- Country: Eswatini
- Broadcast area: Eswatini
- Headquarters: Mbabane, Eswatini

Programming
- Languages: English and Swazi
- Picture format: 1080i HDTV

Ownership
- Owner: Ultipro

History
- Launched: March 2001
- Former names: Channel S (2001–2018)

= Channel Yemaswati =

Swati television channel

Channel Yemaswati (formerly known as Channel S or Channel Swazi) is Eswatini's only commercial television channel. The channel adopted its current name upon the rename from Swaziland to Eswatini in 2018.

==History==
It was launched in March 2001 by Ultimate Television Productions (Ultipro) using a Ku-band satellite from PanAmSat used by both DStv and Sentech's Vivid, reaching an audience across the SADC region.

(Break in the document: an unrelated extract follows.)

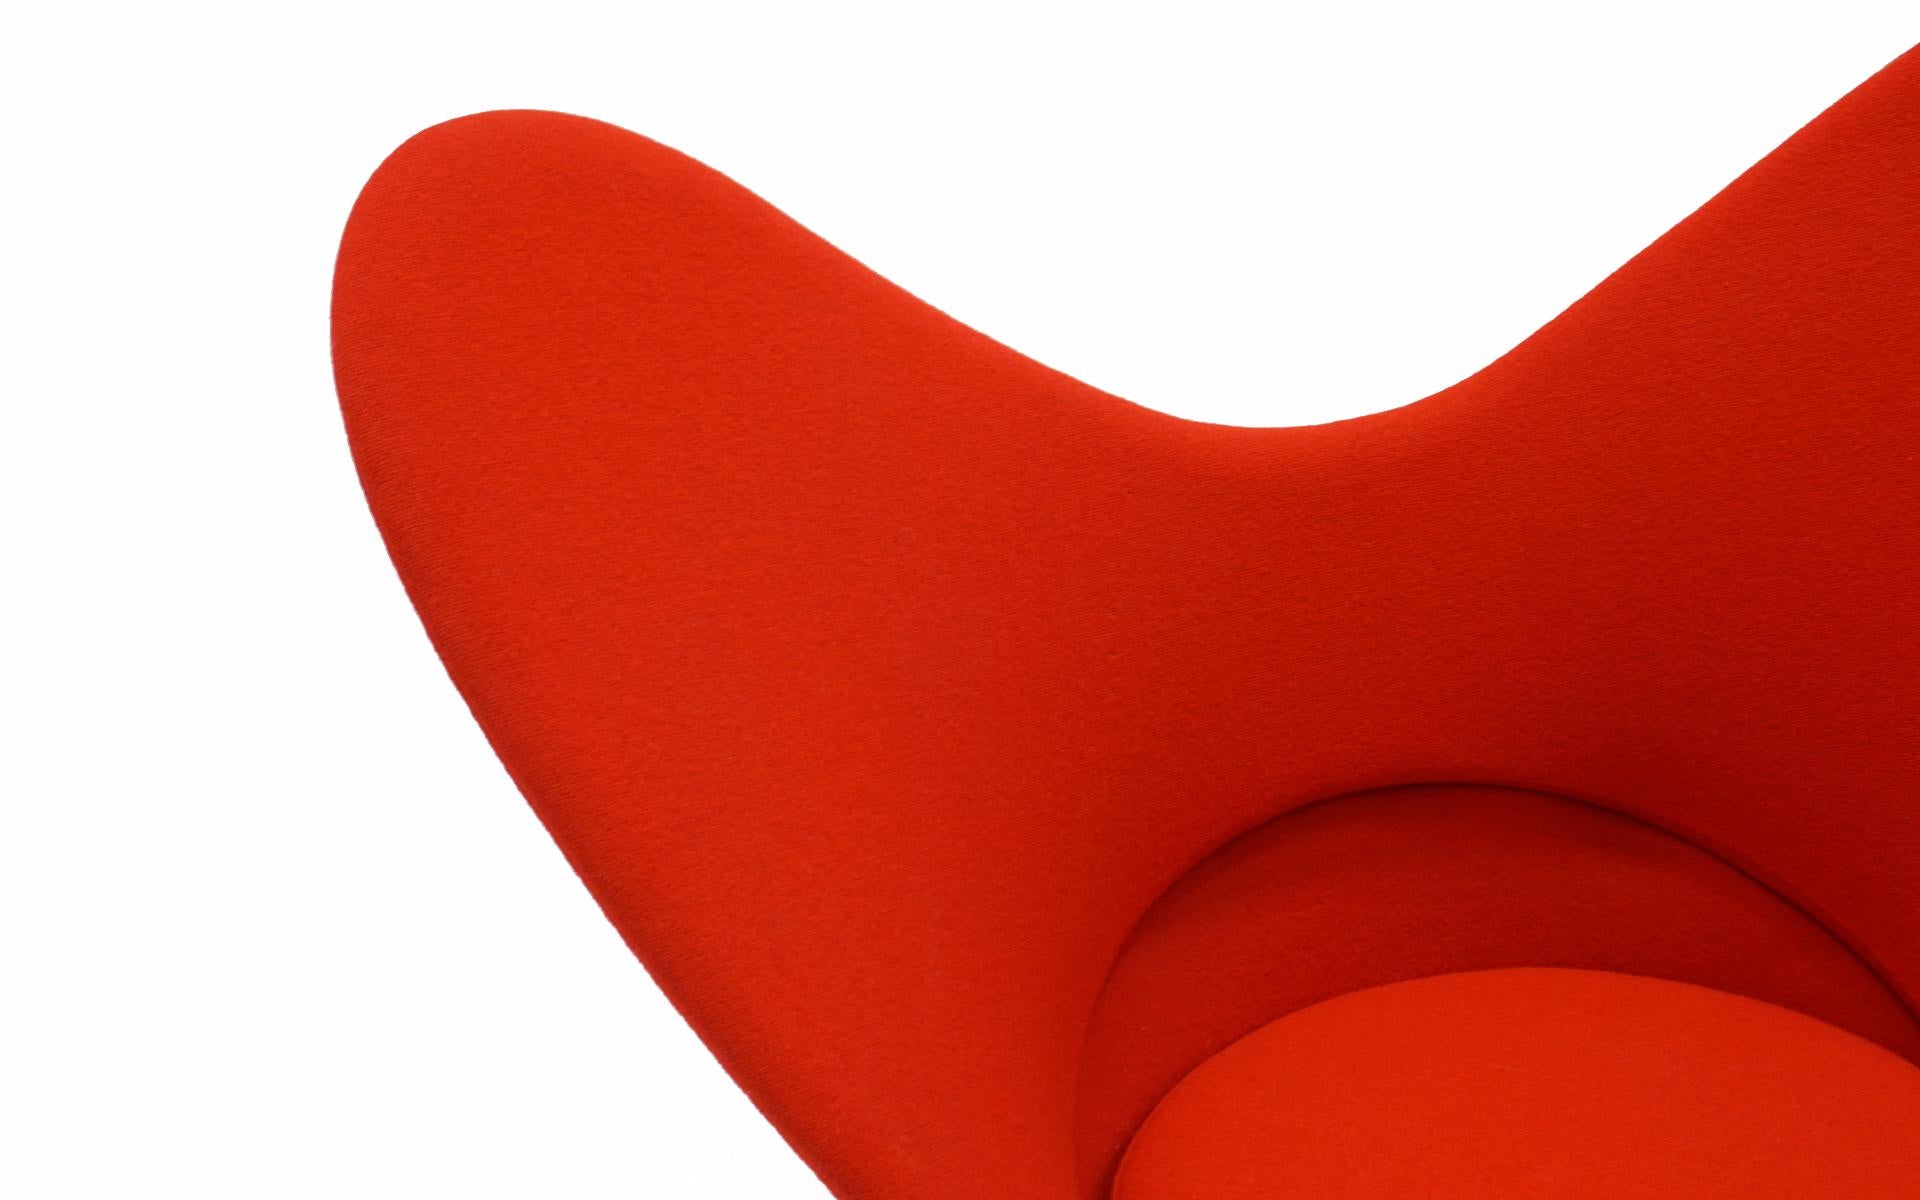 Mid-Century Modern Red Heart Chair by Verner Panton for Vitra, Great Condition

Although it was set up as a private station, it is owned "on behalf of His Majesty" and was historically known for its limited coverage, compared to Swazi TV, where its signal didn't reach even some large towns.

In 2008, the channel was involved in a financial scandal, as Qhawe Mamba, the channel's owner, did not receive the earnings from Channel S Club members, being transferred to Ultipro in the process.

Channel S was reported to operated without a license in November 2009. In late October 2010, the channel moved to "half-empty" premises at an office in the Manzini Mall. The station lacked transmitters of its own and was broadcasting on rented South African transmitters and facilities. Contents were saved on a flash drive and sent to Nkoyoyo, where it was uploaded to a server. From then, the server delivered its information to the Johannesburg satellite facilities before beaming back to Swaziland.

In 2021, Qhawe Mamba announced that he would change the channel's news operation to focus more on stories that impact people. Such stories, according to Mamba, bring in high viewing figures.